The court held that the parties’ mediation confidentiality agreement was broader than the protections afforded by the Alternative Dispute Resolution Act, and Federal Rule of Evidence 408. It refused to admit a statement made by defendant's associate general counsel during the mediation.
The federal court’s holding was based on U.S. Magistrate Judge James Orenstein’s report, which recommended granting the defense motion barring use of the mediation testimony.
Plaintiff DeLuca filed an age discrimination complaint before the U.S. Equal Employment Opportunity Commission against his former employer, Allied Domecq Quick Service Restaurants, which owns Dunkin' Donuts. Soon after the complaint, DeLuca applied to be a Dunkin' Donuts franchisee, but was denied around February 2003.

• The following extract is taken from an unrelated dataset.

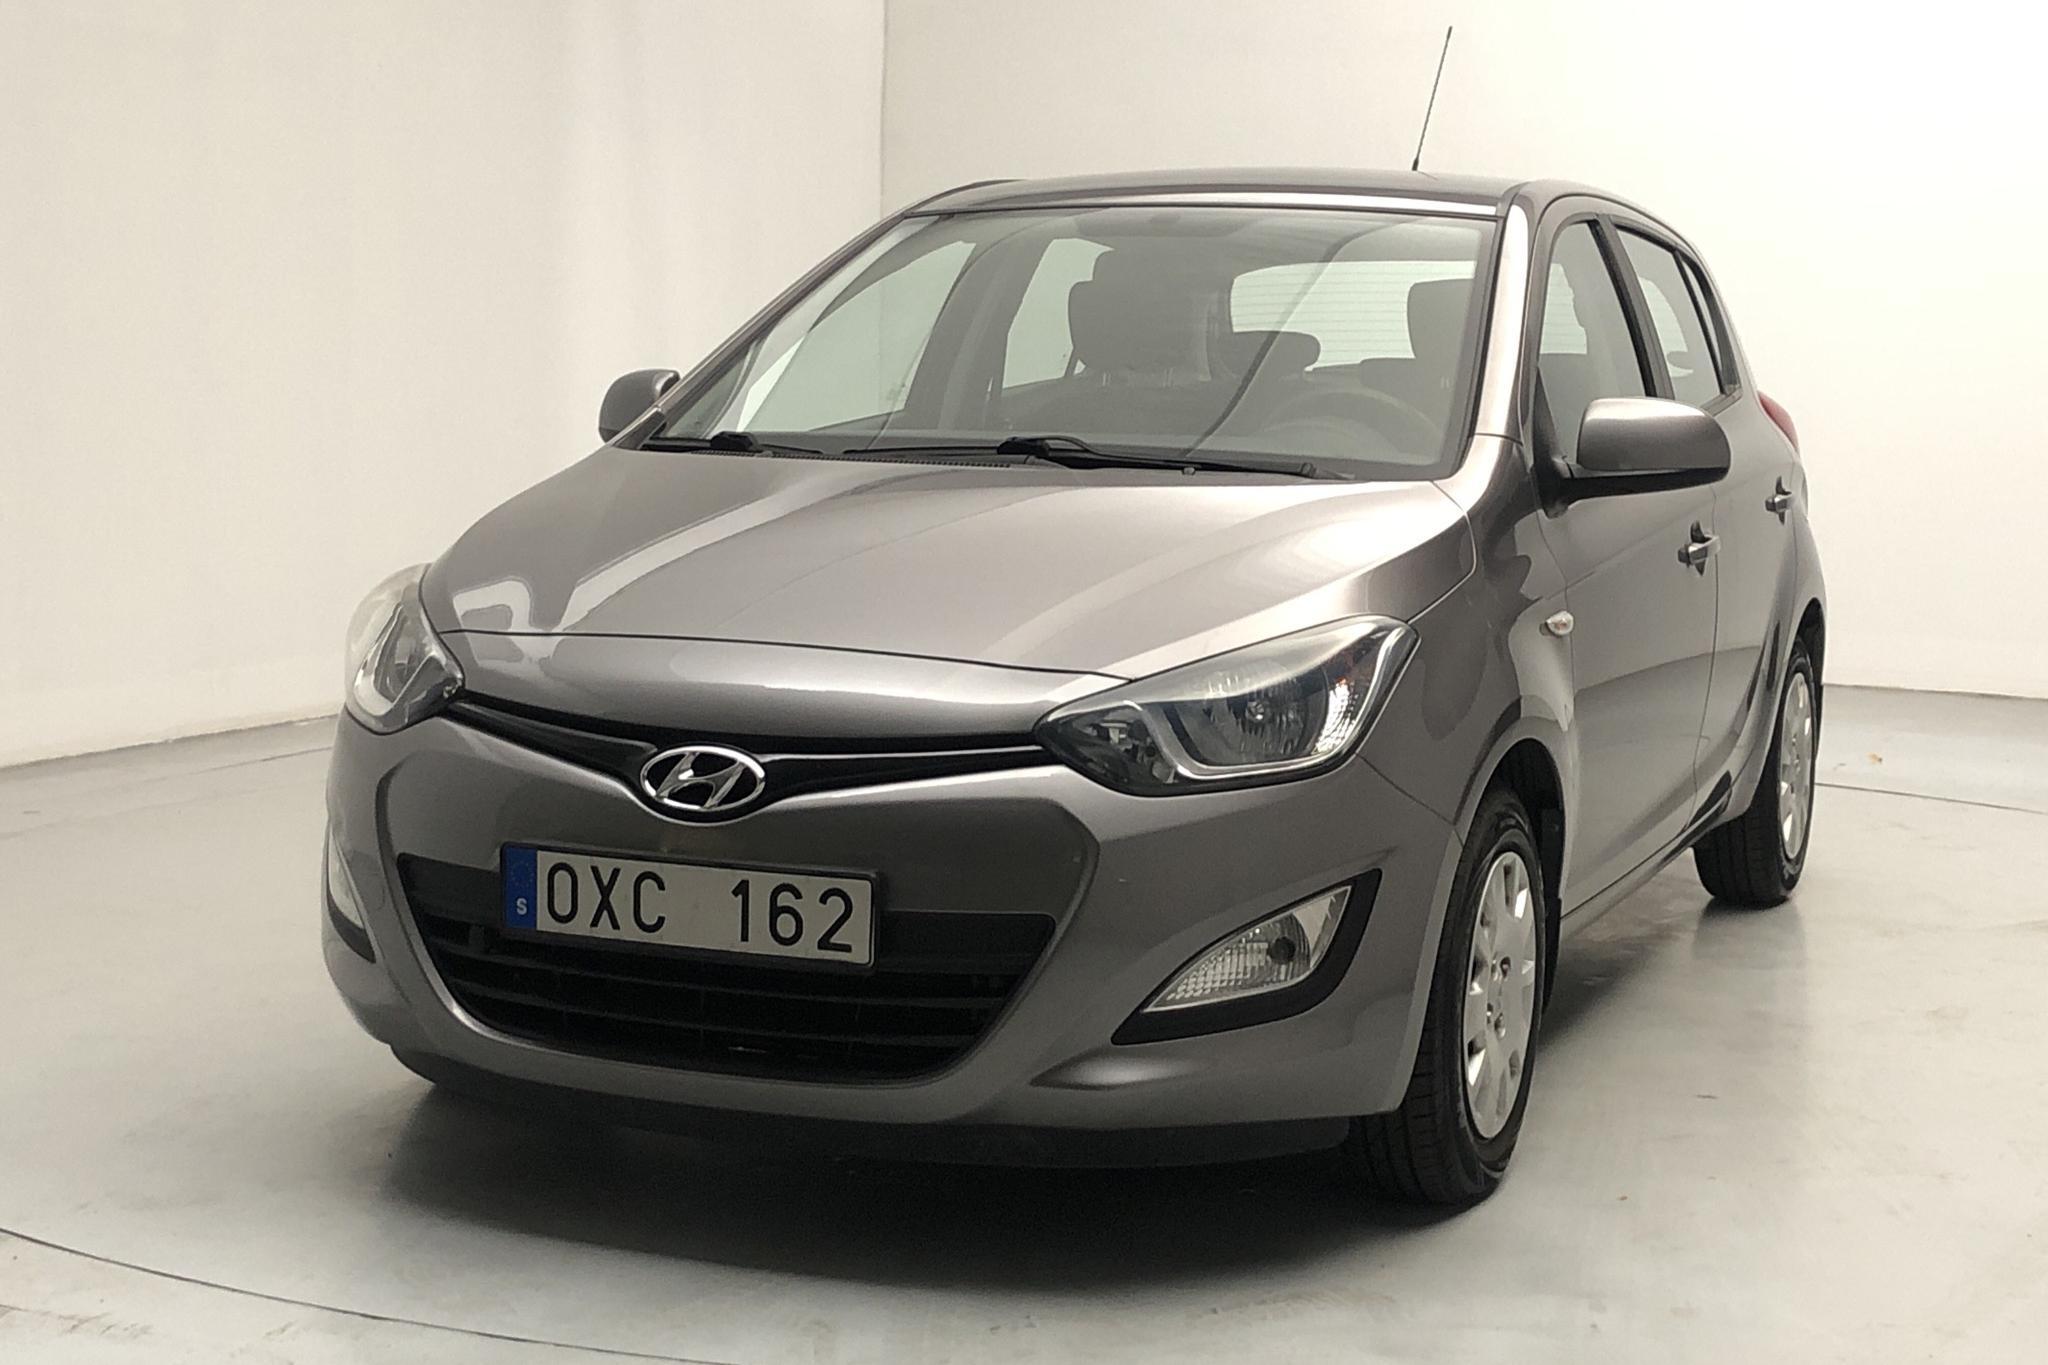 Hyundai i20 1.2 (85hk) - 3 853 mil - Manuell - Dark Grey - 2013

In March 2003, the parties attended a voluntary EEOC mediation on the discrimination complaint, for which they signed a confidentiality agreement. During the mediation, DeLuca appeared to suggest settlement if he was granted the franchise.
But according to the opinion by U.S. District Court Joseph F. Bianco, the defendant's associate general counsel, Jack Laudermilk, said, “We're not in the process of giving out franchises to people that are suing us or made complaints.”

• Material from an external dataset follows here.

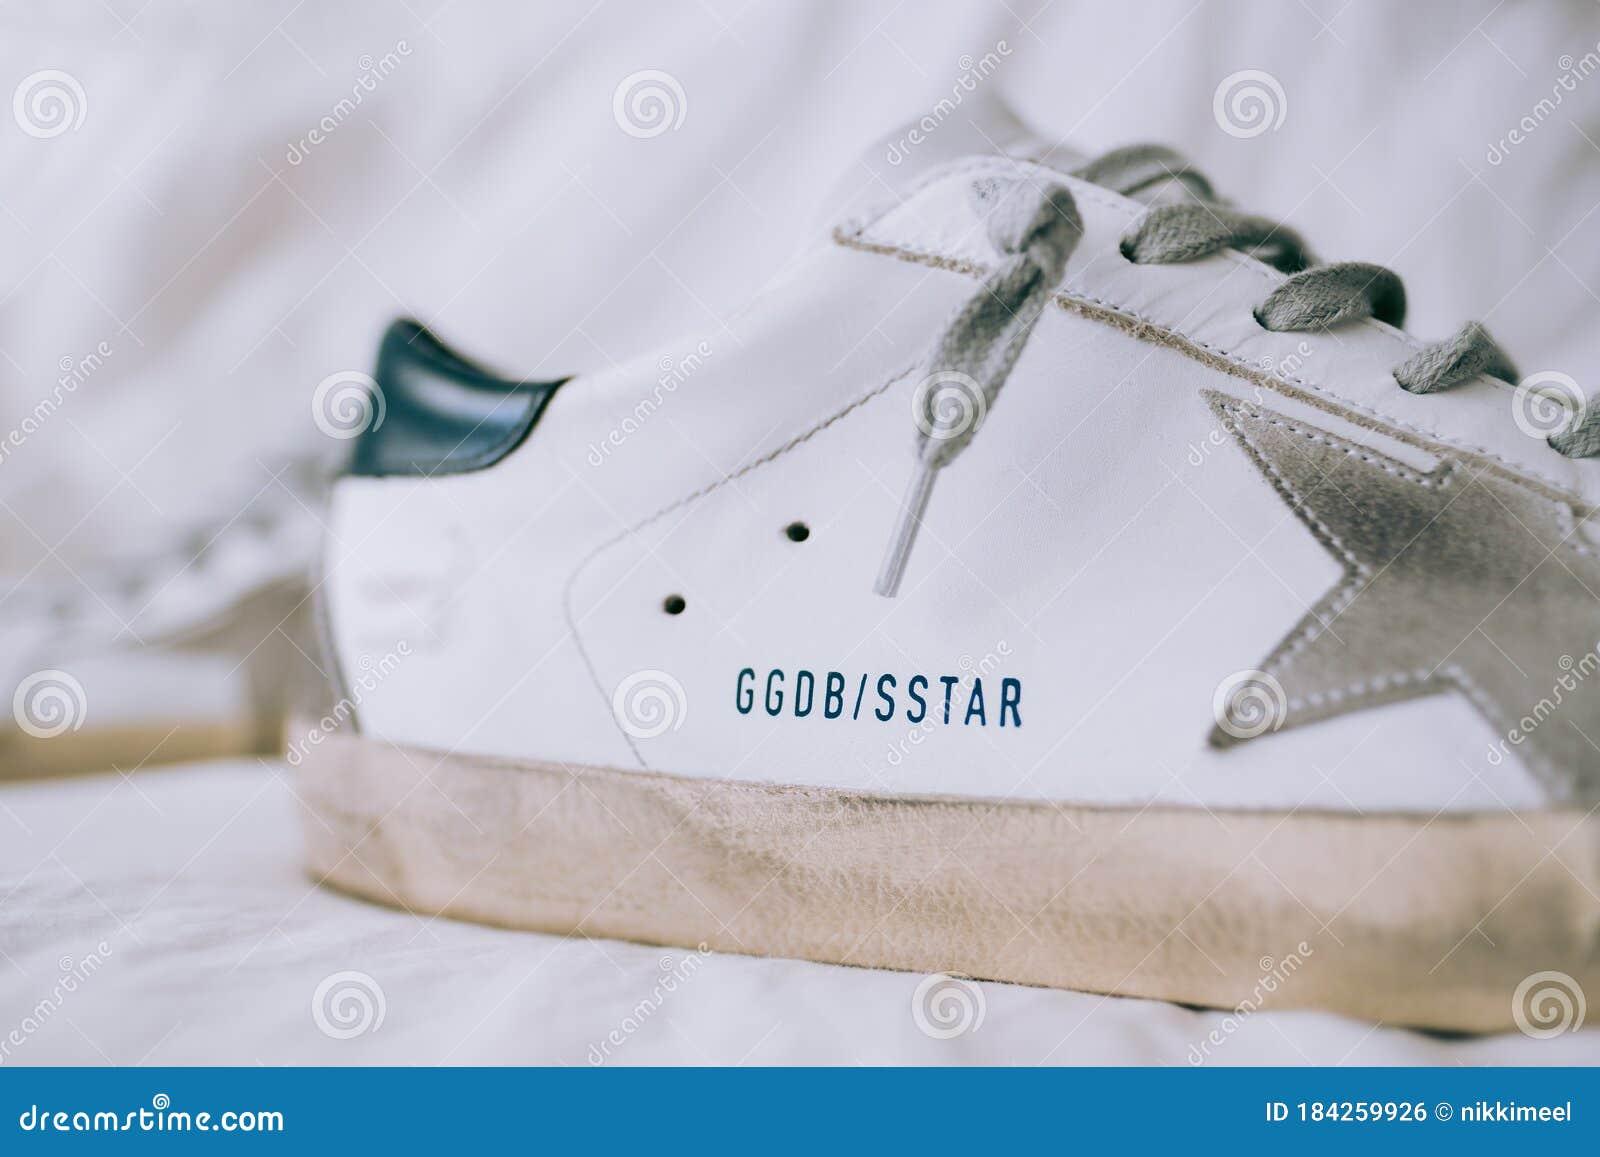 Golden Goose Deluxe Brand Superstar

When DeLuca filed suit in October 2003, he alleged discrimination–as well as a new retaliation count in connection with his franchisee application. The retaliation is the sole issue in this case; the plaintiff's employment discrimination claims were dismissed on summary judgment.
DeLuca, in support of his only remaining claim, chose to use the defendant lawyer's statement as evidence.
In response, the defendant filed a motion in limine to preclude the plaintiff from making use of the statement as trial evidence, arguing that Fed.R.Civ.P. 408 and the ADRA (5 U.S.C. §§ 571-57) protected such communications.
The district court and the magistrate judge agreed with the defendant. Relying on Scott v. Goodman, 961 F.Supp. 424, 437 (E.D.N.Y.1997), U.S. District Court Judge Bianco stated, “Significantly, although the ADRA and Rule 408 certainly protect ‘statements made in compromise negotiations,’ it is well-settled that ‘Rule 408 is inapplicable when the claim is based upon some wrong that was committed in the course of the settlement discussions.’”
The opinion cites Magistrate Judge Orenstein's recommendation noting the agreement’s language that “all matters discussed during the mediation are confidential . . . and cannot be used as evidence in any subsequent . . . judicial proceeding.”
The court, in addressing the plaintiff's argument that the agreement should be voided based on public policy or to prevent a manifest injustice, agrees with Orenstein's reasoning: Attorney Laudermilk “did not make the decision to deny plaintiff's franchise application, his boss Steven Horn made the decision,” notes the Bianco district court opinion.
“Further, both Laudermilk and Horn provided an explanation as to why (1) Laudermilk made the statement, and (2) plaintiff's franchise application was denied.”
As a result, the court concludes, there is no basis for voiding the parties’ explicit agreement.
Bianco’s opinion adopts Magistrate Judge Orenstein's recommendation that “relates to the exclusion of deposition testimony about Laudermilk’s statement at the mediation[,] as the opinion of [the] Court.”